Who was the culprit?
the person responsible for the attack was A Programmer Who Admitted to Launching a Worm To two friends at MIT. According to him, it got out of hand and he asked one of his friends to send an anonymous message with an apology and an explanation on how to remove the fraudulent program.
However, the systems were so damaged that many people did not receive the message. The second friend was someone who anonymously called The New York Times, saying it was a harmless experiment and that its spread was a programming error.

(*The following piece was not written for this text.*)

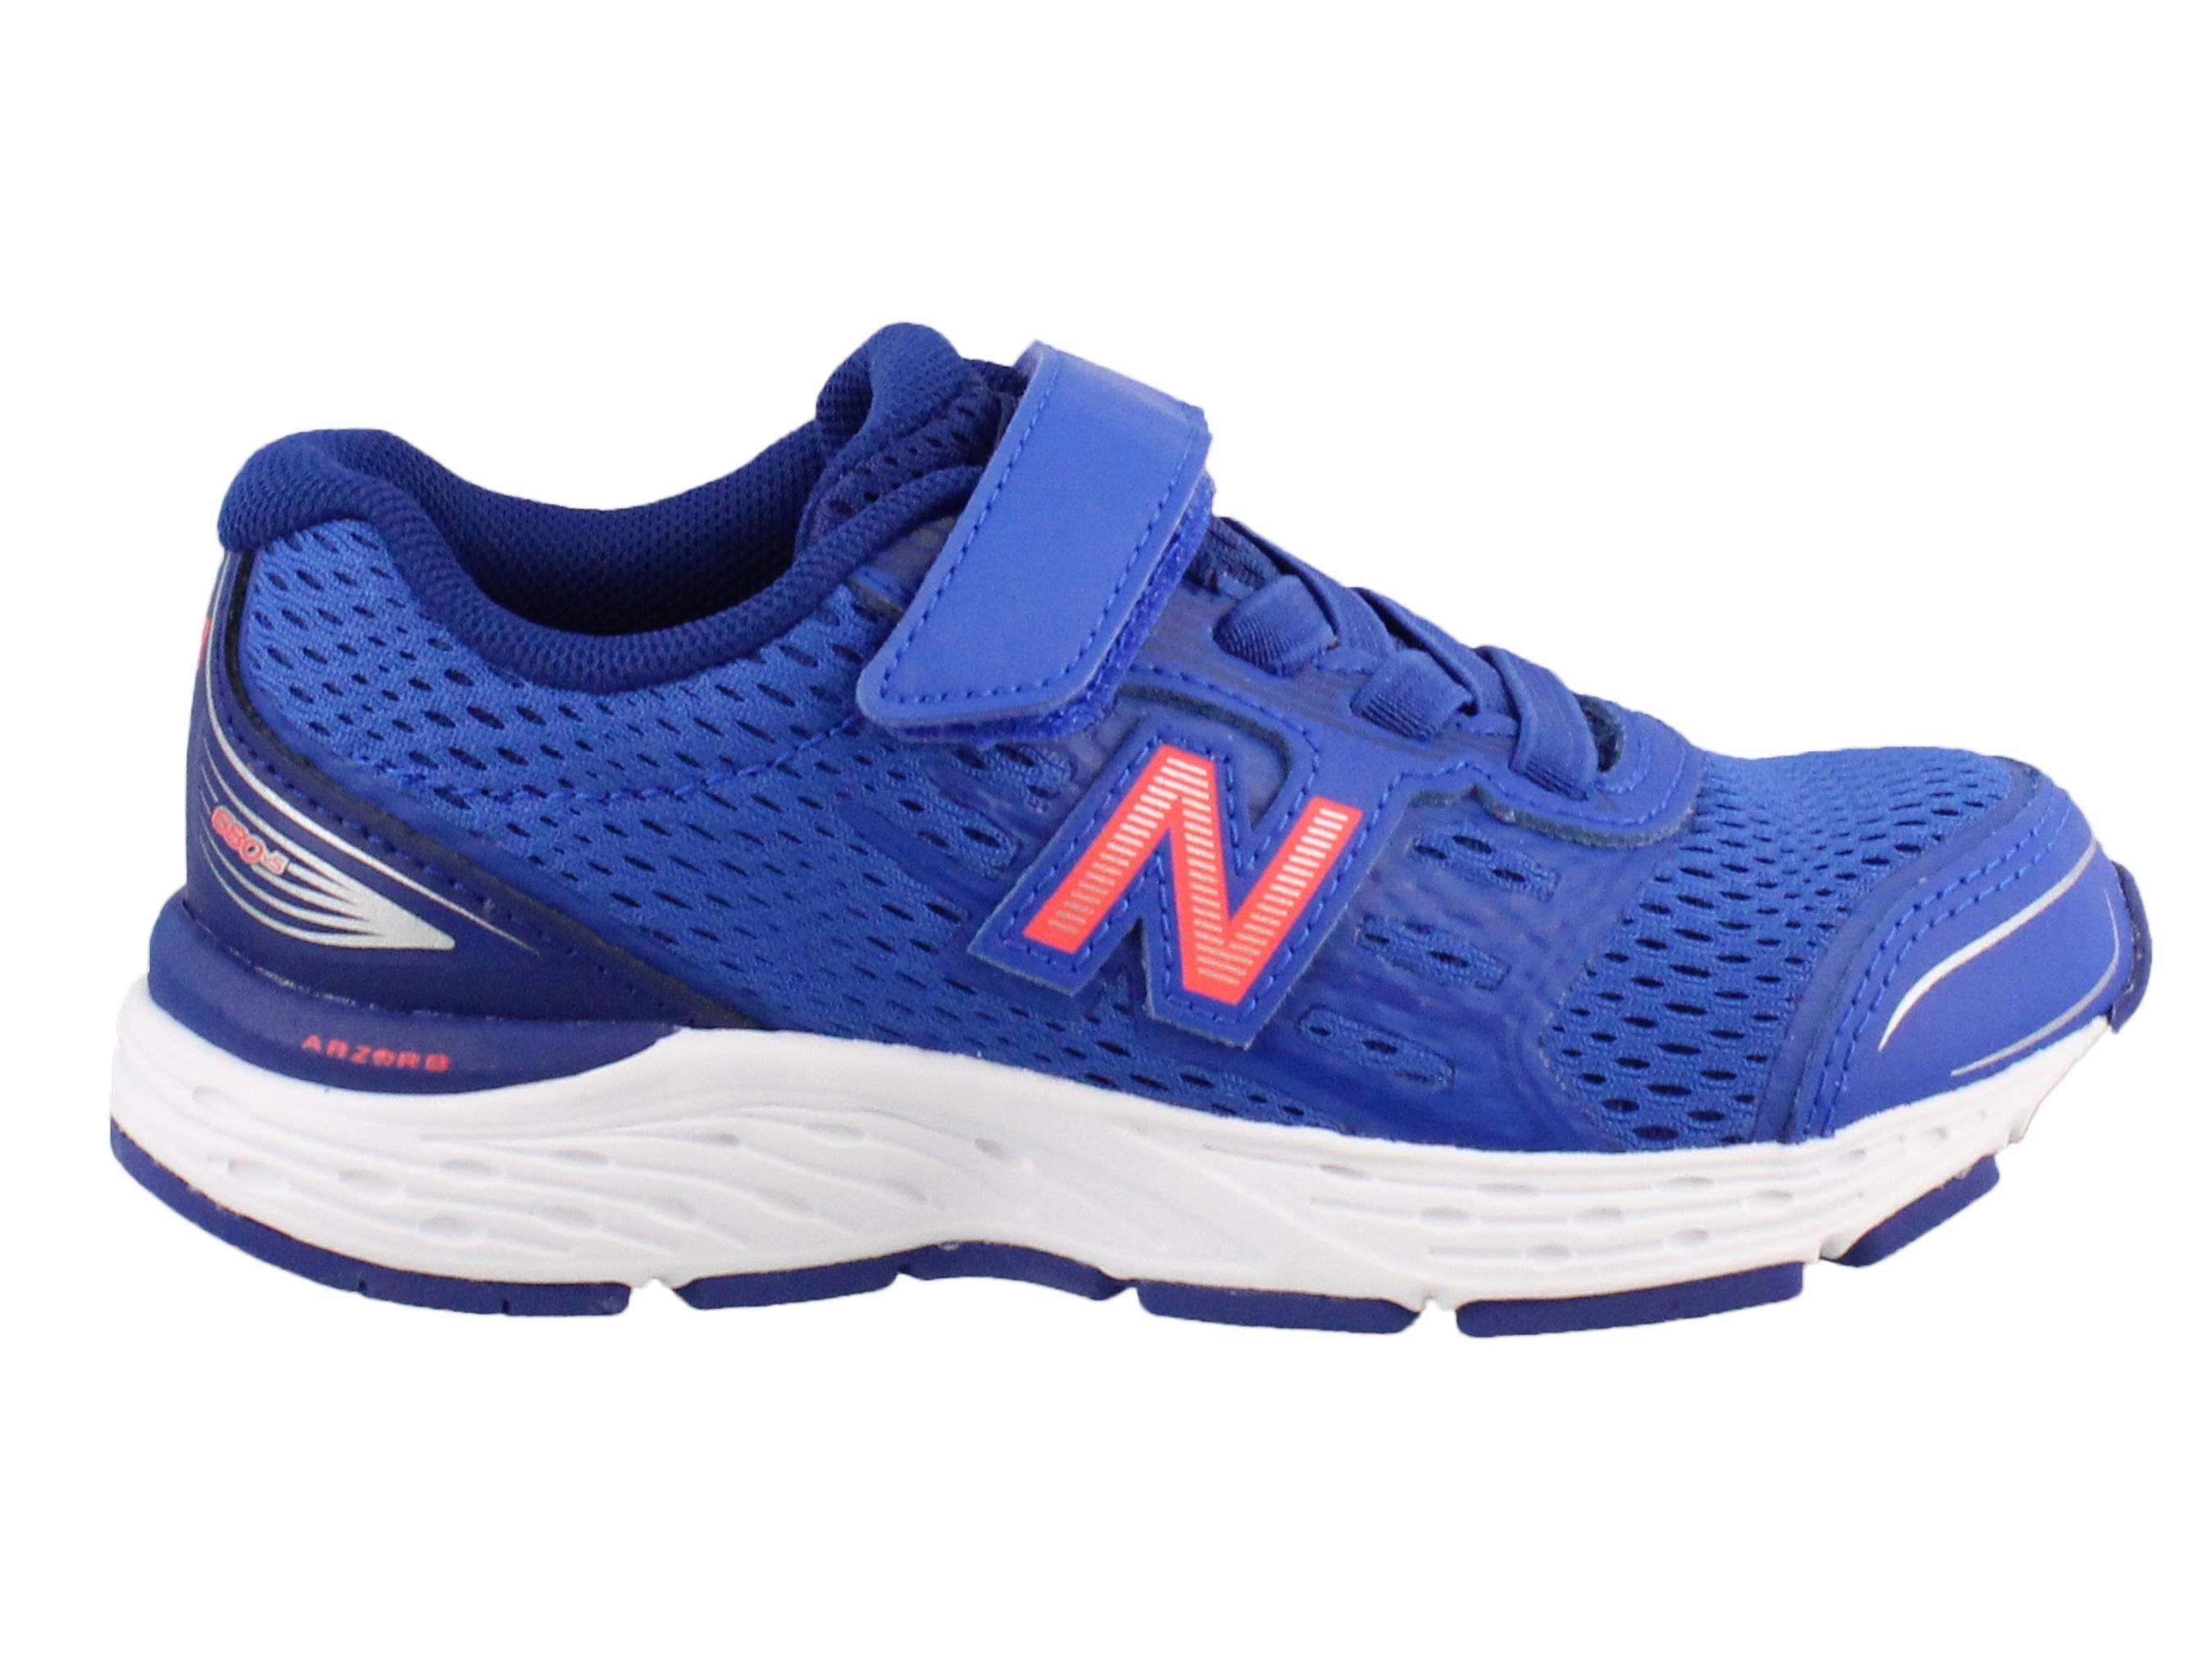 5174aaacfd21f ... wide running shoes size f39bb 74425; switzerland new balance girls  ka680pdy low top lace up running sneaker blue size 7 kids walmart

In the phone call, the friend recalled the event’s author’s initials, and this allowed journalists to find the culprit: Robert Tappan Morris, a computer scientist who graduated from Harvard in 1988 Joe was at Cornell University at the age of 23.
From his terminal at Cornell, he created a program that was able to slowly and covertly spread over the Internet (then ARPANET). their use has been proven Hacking an MIT computer remotelyBut the matter got out of control.
Morris broke the Computer Fraud and Abuse Act passed in 1986, which Restrict unauthorized access to protected computers, He was prosecuted for this and found guilty in 1990: he had to pay a $10,050 fine, was on probation for three years and did 400 hours of community service.